Well not really. You need different video output hardware to output at a different higher resolution. Why would they bother with that in 2001? It's frankly surprising that they bothered to give the Xbox the ability to output HD resolutions.
ok, fine, I looked it up: 1080i was the max it could go but most of the latter Xbox games were designed to run in 720p.

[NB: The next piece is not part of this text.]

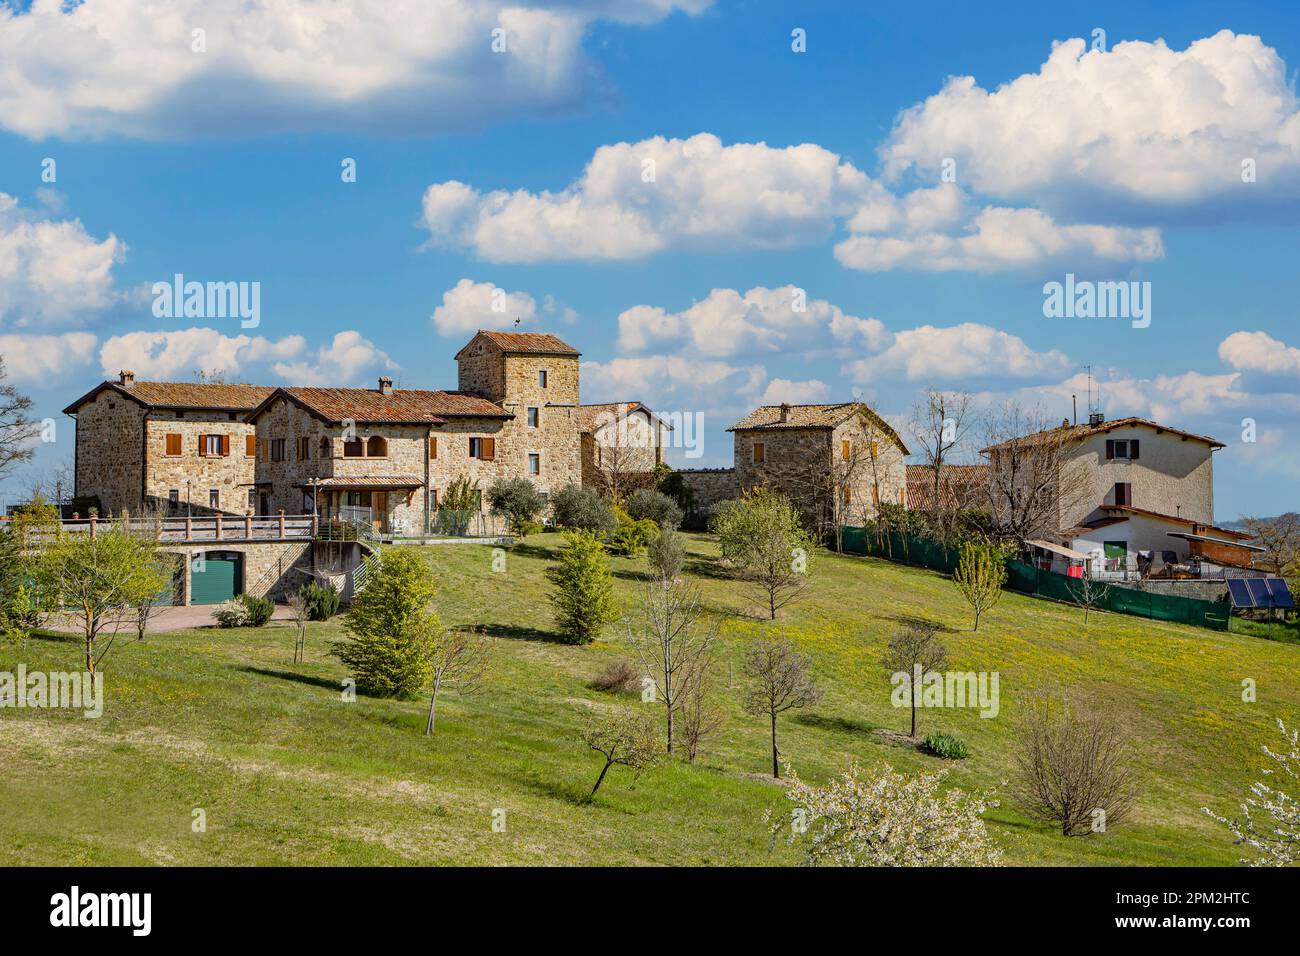 Village rural dans les Apennines Emiliennes toscanes Italie Banque D'Images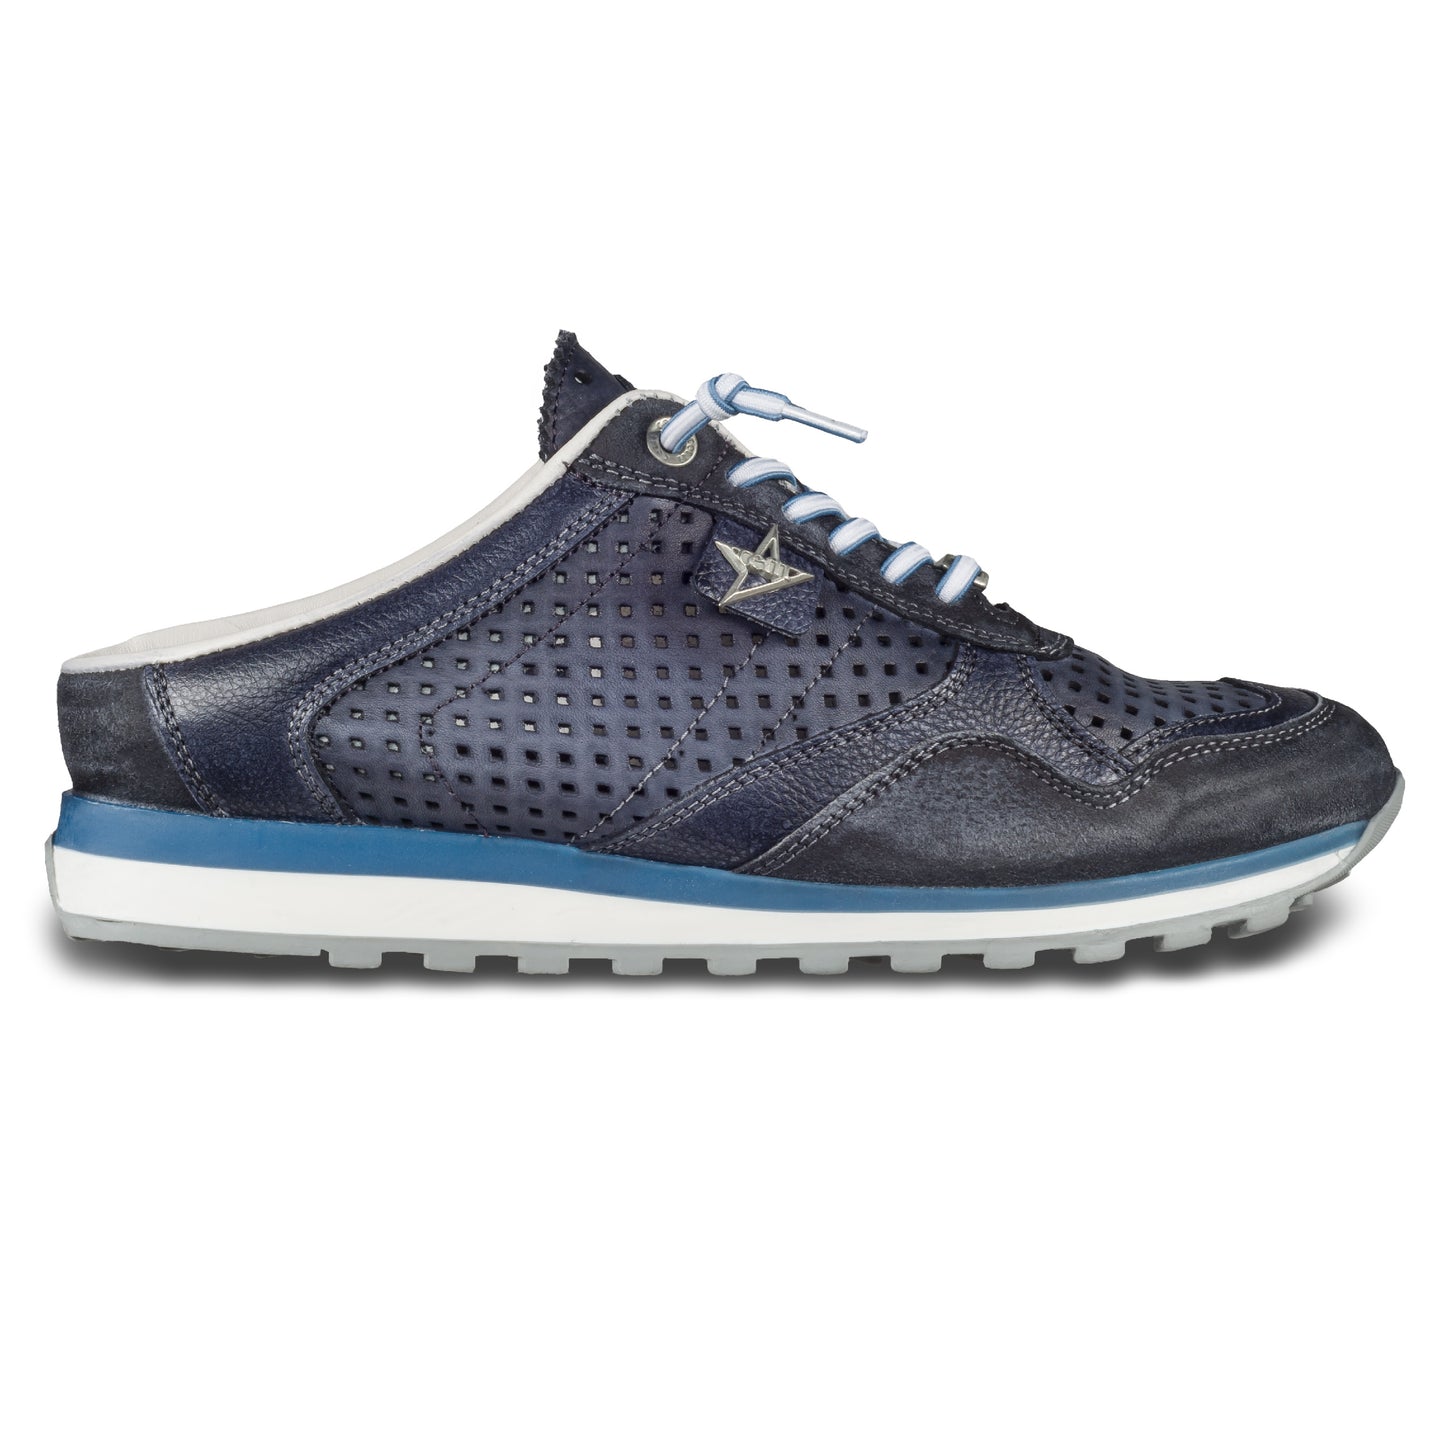 CETTI Herren Leder Sneaker-Mule, Modell „C848“ in dunkelblau / grau (used tin antracita), Made in Spain. Ansicht der Ferse und Sohlenunterseite. Ansicht der Außenseite rechter Schuh.

(care of wikipedia) here is the tech specs for the GC:

Graphics processing unit:
162 MHz "Flipper" LSI (co-developed by Nintendo and ArtX, acquired by ATI)
180 nm NEC eDRAM-compatible process
8 GFLOPS
4 pixel pipelines with 1 texture unit each[14]
TEV "Texture EnVironment" engine (similar to Nvidia's GeForce-class "register combiners")
Fixed-function hardware transform and lighting (T&L), 20+ million polygons in-game[16]
648 megapixels/second (162 MHz × 4 pipelines), 648 megatexels/second (648 MP × 1 texture unit) (peak)
Peak triangle performance: 20,250,000 32-pixel triangles/s raw and with 1 texture and lit
337,500 triangles a frame at 60 FPS
675,000 triangles a frame at 30 FPS

8 texture layers per pass, texture compression, full scene anti-aliasing[16]
8 simultaneous hardware light sources
Bilinear, trilinear, and anisotropic texture filtering
Multi-texturing, bump mapping, reflection mapping, 24-bit z-buffer
24-bit RGB/32-bit RGBA color depth
Hardware limitations sometimes require a 6r+6g+6b+6a mode (18-bit color), resulting in color banding.
720 × 480 interlaced (480i) or progressive scan (480p) - 60 Hz, 720 × 576 interlaced (576i) - 50 Hz
and the Xbox:

GPU and system chipset: 233 MHz "NV2A" ASIC. Co-developed by Microsoft and Nvidia.
Geometry engine: 115 million vertices/second, 125 million particles/second (peak)
4 pixel pipelines with 2 texture units each
932 megapixels/second (233 MHz × 4 pipelines), 1,864 megatexels/second (932 MP × 2 texture units) (peak)
Peak triangle performance (32pixel divided from filrate): 29,125,000 32-pixel triangles/s raw or w. 2 textures and lit.
485,416 triangles per frame at 60 frame/s
970,833 triangles per frame at 30 frame/s

8 textures per pass, texture compression, full scene anti-aliasing (NV Quincunx, supersampling, multisampling)
Bilinear, trilinear, and anisotropic texture filtering
Similar to the GeForce4 Ti4200 PC GPU in features and performance
Resolutions: 480i, 480p, 576i, 576p, 720p, 1080i
I bolded the applicable parts, my point is that it it was POSSIBLE even back on the Gamecube.
Well, I wouldn't call that possible. Not only are those rendering specs for the Gamecube noticably lower, the video output hardware (not the GPU) in the GC quite clearly only supports a maximum resolution of 480p (or 576i depending on which you consider higher).
Post edited June 07, 2011 by eyeball226
I don't know if this has been linked yet but here you go, thought it was an interesting read.

Article on the Wii U
Post edited June 08, 2011 by Arianus
The WIIU is a ridiculous name for an even more ridiculous system. Its gonna be shit when it comes out, there were no specs for the wiiu which means there gonna be bottom of the barrell again. Who introduces there brand new system and only shows that big badass uncomfortable controller and not the system, nintendo thats who.
I really don't care for consoles, but they do entertain me.
First Nitendo comes out with a crap console and a new gimmick controller that sweeps the market.
Gamers complain how the games suck and te good ones are too far between, but it rakes big bucks. So Sony and Microsoft follow with their versions and in the same time Nitendo presents a new console that goes back to big third party titles.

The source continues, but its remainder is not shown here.